Origens
Apesar de encontrarmos suas "raízes" ao longo da
história da humanidade, na própria gênese do comércio, o marketing é um campo
de estudo novo se comparado com os demais campos do saber.
O estudo do mercado surgiu da necessidade dos industriais em
administrar a nova realidade oriunda da Revolução Industrial , que causou uma
transformação de um mercado de vendedores para um mercado de compradores. Neste
estágio o marketing ainda é inseparável da economia e da administração
clássica, pois inicialmente sua preocupação era puramente de logística e
produtividade, com o intuito de maximização dos lucros. Os consumidores não
tinham qualquer poder de barganha e a concorrência era praticamente
inexistente.
Tal realidade manteve-se inalterada até fins da Segunda Guerra
Mundial quando, então, reagindo ao crescimento da concorrência, mercadólogos
começaram a teorizar sobre como atrair e lidar com seus consumidores. Surgiu
então a cultura de vender a qualquer preço.

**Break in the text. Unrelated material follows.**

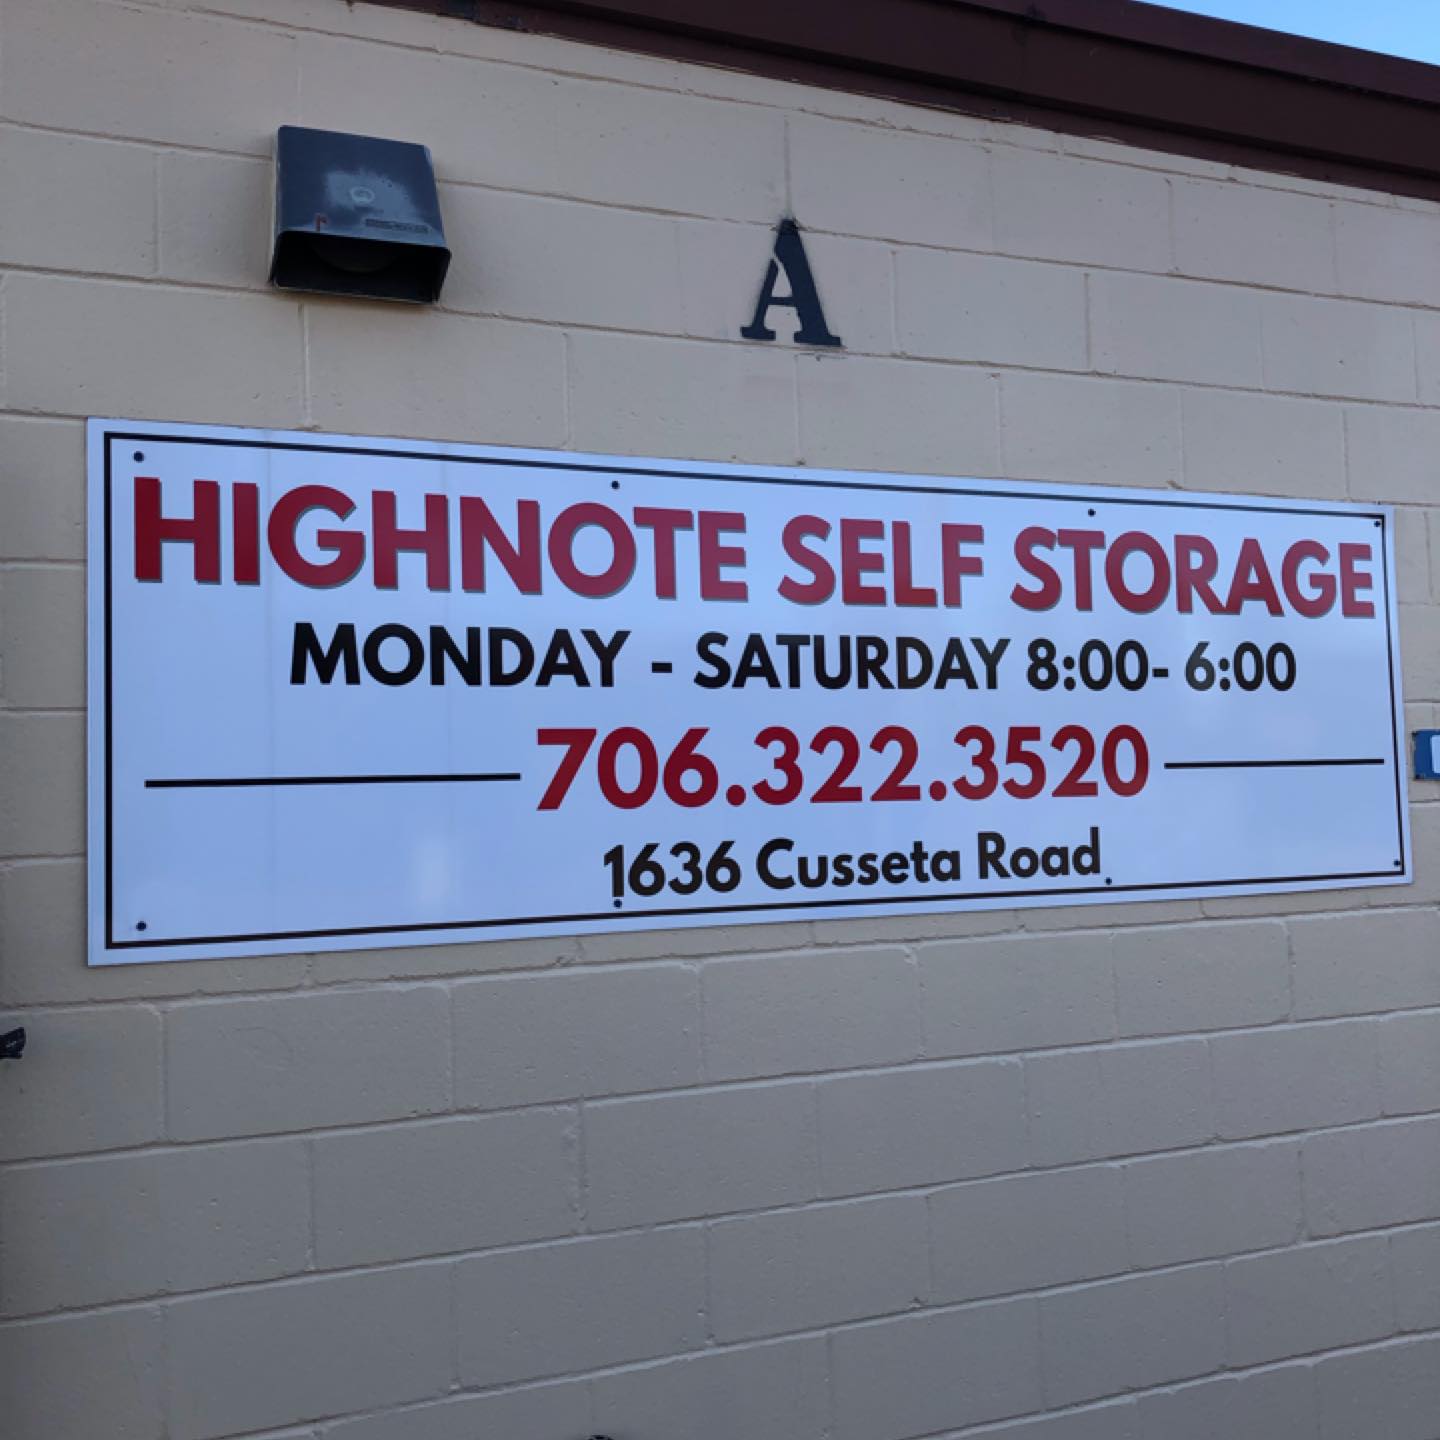 Highnote Self Storage

P.T. Barnum, autor de The art of money getting, foi um ícone
deste período, cheio de truques que faziam da arte de vender quase um
espetáculo de charlatanice e que faz com que até hoje os profissionais do
mercado sejam vistos com desconfiança. Outros autores da época são W.D. Scott,
autor de The psychology of advertising, e H.L Hollingworth, que escreveu
Advertising and selling. As técnicas existentes baseavam-se mais na intuição do
que na prática. Eram técnicas ingênuas e/ou maliciosas que estavam misturadas a
ferramentas eficientes.
Um dos fatores mais atuais de marketing encontra-se na parte
dos virais e de ações coordenadas, onde a questão ética é fundamentada em
fatores básicos da mercadológica. A ação de marketing é coordenada através de
um plano de estratégia de marketing.
Precursores
Nos anos 40, os primeiros estudos sobre o marketing vieram
com trabalhos como o de Walter Scott, sobre a aplicação da psicologia na
propaganda e o de William J. Reilly sobre as leis de gravitação do varejo. A
questão crucial era se as teorias de mercado podiam ou não se desenvolver.
Autores como Roland Vaile e outros afirmavam que nunca seria possível
desenvolver uma teoria mercadológica genuína, pois consideravam esta
extremamente subjetiva, quase uma forma de arte. Por outro lado, Bartels e
outros começavam a admitir que existia uma potencialidade para a teoria
mercadológica se tornar uma ciência. Em 1954, pelas mãos de Peter Drucker ao
lançar seu livro A prática da administração, o marketing é colocado como uma
força poderosa a ser considerada pelos administradores.
Década de 1950
Os primeiros passos para a difusão do marketing foram dados
por Peter Drucker, ainda que implicitamente, em 1954, com o lançamento do livro
A prática da administração. Não se tratava propriamente de um estudo detalhado
sobre marketing, mas foi o primeiro registro escrito que cita esta ferramenta
como uma força poderosa a ser considerada por administradores focados no
mercado.
Década de 1960
A primeira grande mudança neste cenário veio em 1960 por
Theodore Levitt, mais tarde intitulado o "pai" do marketing,
professor da Harvard Business School. Seu artigo na revista Harvard Business
Review intitulado Miopia em marketing [7], revelou uma série de erros de
percepção, mostrou a importância da satisfação dos clientes e transformou para
sempre o mundo dos negócios. O "vender a qualquer custo" deu lugar à
"satisfação garantida".
O mundo do marketing começou a borbulhar, artigos
científicos foram escritos, pesquisas feitas e dados estatisticamente
relevantes traçados. Separou-se as estratégias eficientes das impressões
empíricas e viu-se a necessidade de um estudo sério do mercado. Este
conhecimento adquirido foi espalhado, difundido, apesar de muitas vezes de
forma restrita ao mundo acadêmico.
Em 1967, Philip Kotler, professor da Kellogg School of
Management, lança a primeira edição de seu livro "Administração de
marketing", onde reuniu, reviu, testou e consolidou as bases daquilo que
até hoje formam o cânone do marketing.
Talvez devido a estas influências, após este período ocorreu
um grande desenvolvimento de marcas como Coca-Cola, Sears, Marlboro, Pepsi.
Década de 1970
Nos anos 70 destacou-se o fato de surgirem departamentos e
diretorias de marketing em todas as grandes empresas. Não se tratava mais de
uma boa ideia, mas de uma necessidade de sobrevivência. É nesta época que se
multiplicam os supermercados, shoppings centers e franchises.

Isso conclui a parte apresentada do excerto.